Boiled down, the theory posits that in a world with more and more information for humans to digest, the scarcity of their attention becomes a valuable commodity.
Over 50 years later, while older media survive and claw for scraps of advertising revenue, today’s attention economy exists predominantly in the online ecosystem and nowhere more so than on social media sites.
Like TV and radio before them, as largely free-to-use services, behemoths like Meta, Snapchat, TikTok, and others don’t generate their billions in ever-growing annual revenue from users — it comes from advertisers. And with children and teenagers among the largest cohorts of users, all manner of companies have shown little compunction about using the websites and apps to market their products and services specifically to one of society’s most vulnerable populations.
In the matrix of harms posed to Canadian youth through regular or excessive social media use, targeted advertising may not be as worrisome as cyberbullying, predators, pornography or the host of other dangers, but it’s no less pervasive.
The risk of harm doesn’t come from the targeted advertising-based business model alone, according to Vikram Bhargava, but from the “conjunction” of those ads simultaneously being “hyper-tailored in real time toward the individual.”
“When you take the two of them … it renders it such that the user is just a sort of entity to be manipulated with respect to the advertiser’s interests,” the assistant professor of strategic management, public policy and philosophy (by courtesy) at George Washington University in D.C. told National Post in an interview.
“And this is, in some ways, what generates this wide range of problems that have come about in part to these platforms.”
But while tech CEOs and leaders are semi-regularly called to testify before the U.S. Congress about troublesome aspects of their products, often at the expense of its reputation and their own, Bhargava said advertisers seem to escape that scrutiny, even though they are the primary social media customers.
“Many people would think that if you were sort of consuming from a different kind of business that was engaged in another untoward practices, you’re, at least in some way, expressively endorsing support or contributing to their ability to undertake these untoward practices,” he said.
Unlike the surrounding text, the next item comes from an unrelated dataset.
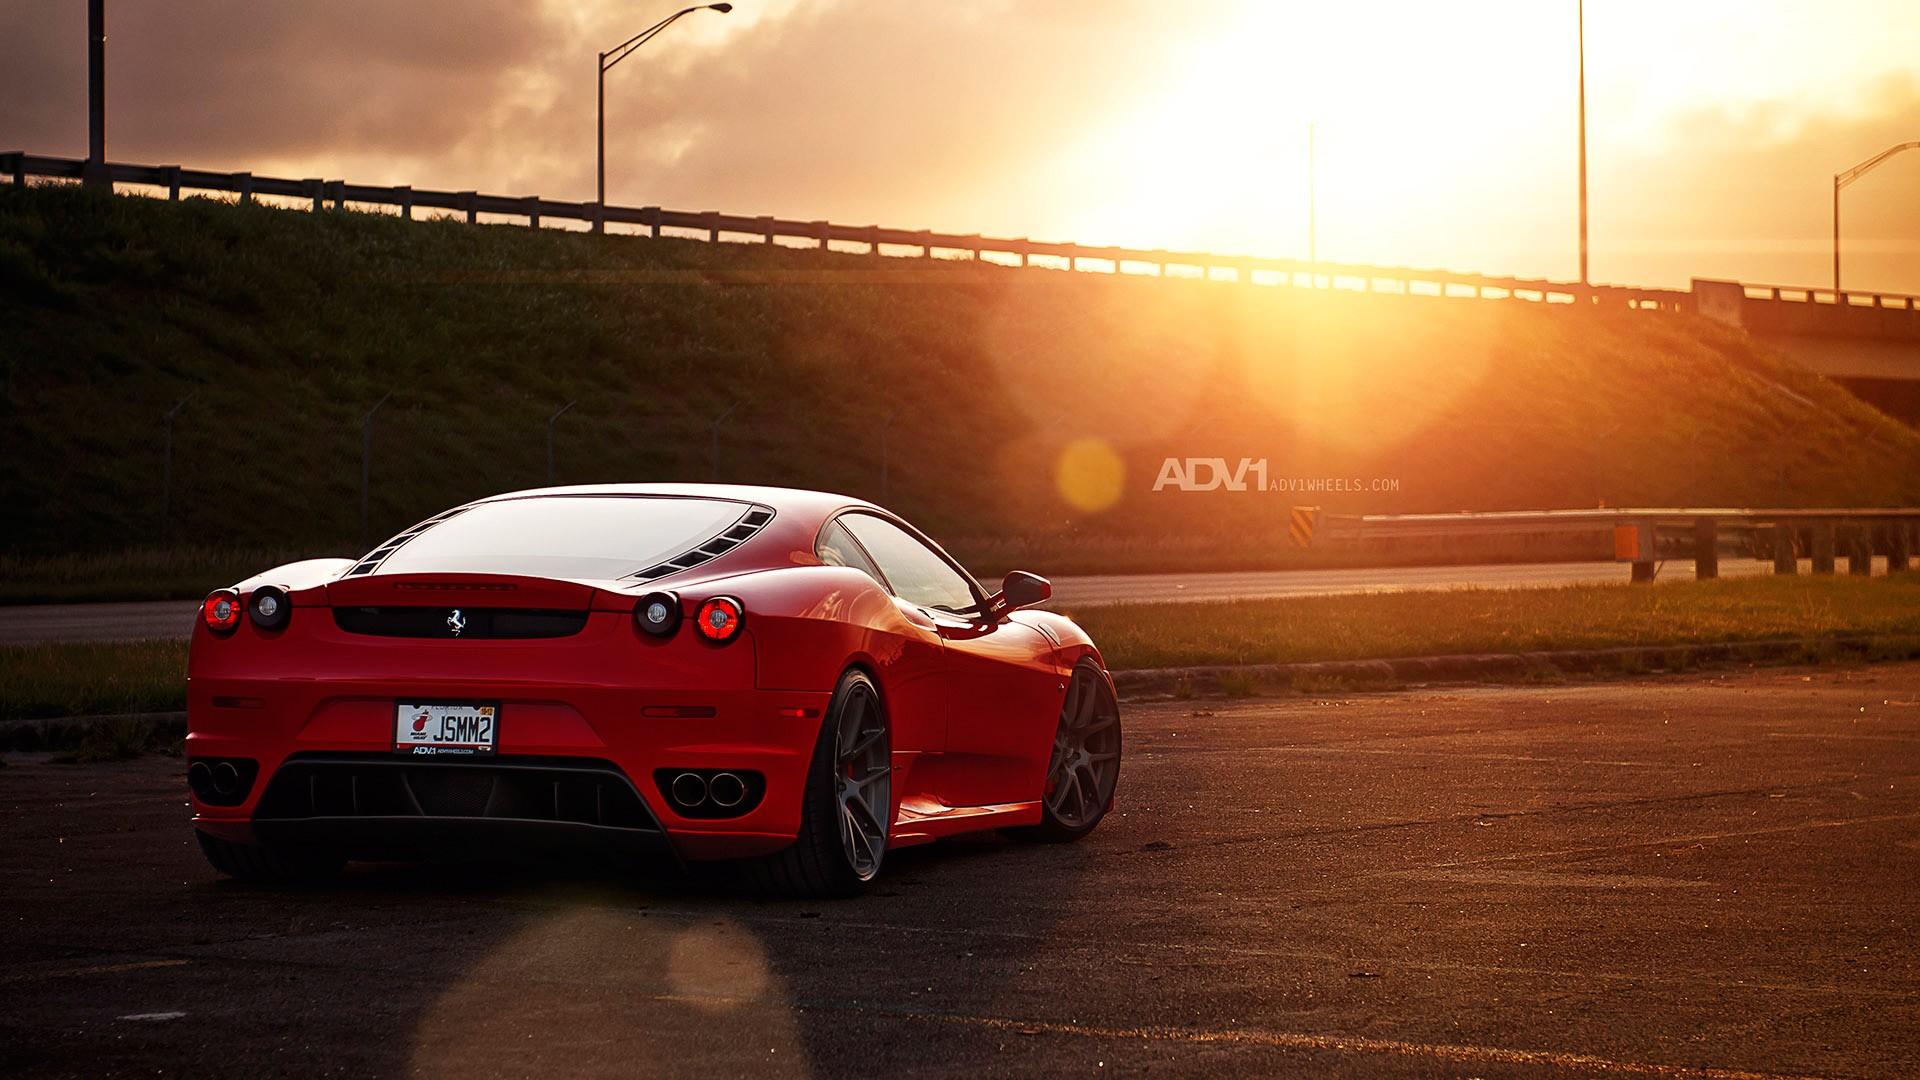 Car Wallpapers Backgrounds Hd: ADV1 Wheels Ferrari F430 Wallpaper

“In the context of addiction, you might think of it as akin to a beer company going to and advertising at an Alcoholics Anonymous convention.”
‘Using you against yourself’
The addictive nature of social media is a problem that’s long been on Bhargava’s radar.
Unlike traditional advertising, every time they log on and start scrolling, offering up scores of data about their likes and dislikes, people willingly but unknowingly train adaptive algorithms to serve up more of the former, keeping the user dialled in and exposed to more targeted ads.
“That’s what adds this insult to injury, this using you against yourself dimension,” Bhargava said of the product changing.
Their addictiveness was established in a California courtroom last week, where a jury ruled in favour of the complainant in a civil case who said she became addicted to Google’s YouTube and Meta’s Instagram due to their design, eventually leading to depression and suicidal ideation that required medical intervention. The 20-year-old was awarded $6 million in damages, but had previously settled out of court with TikTok and Snapchat, entities she also sued, but settled with out of court.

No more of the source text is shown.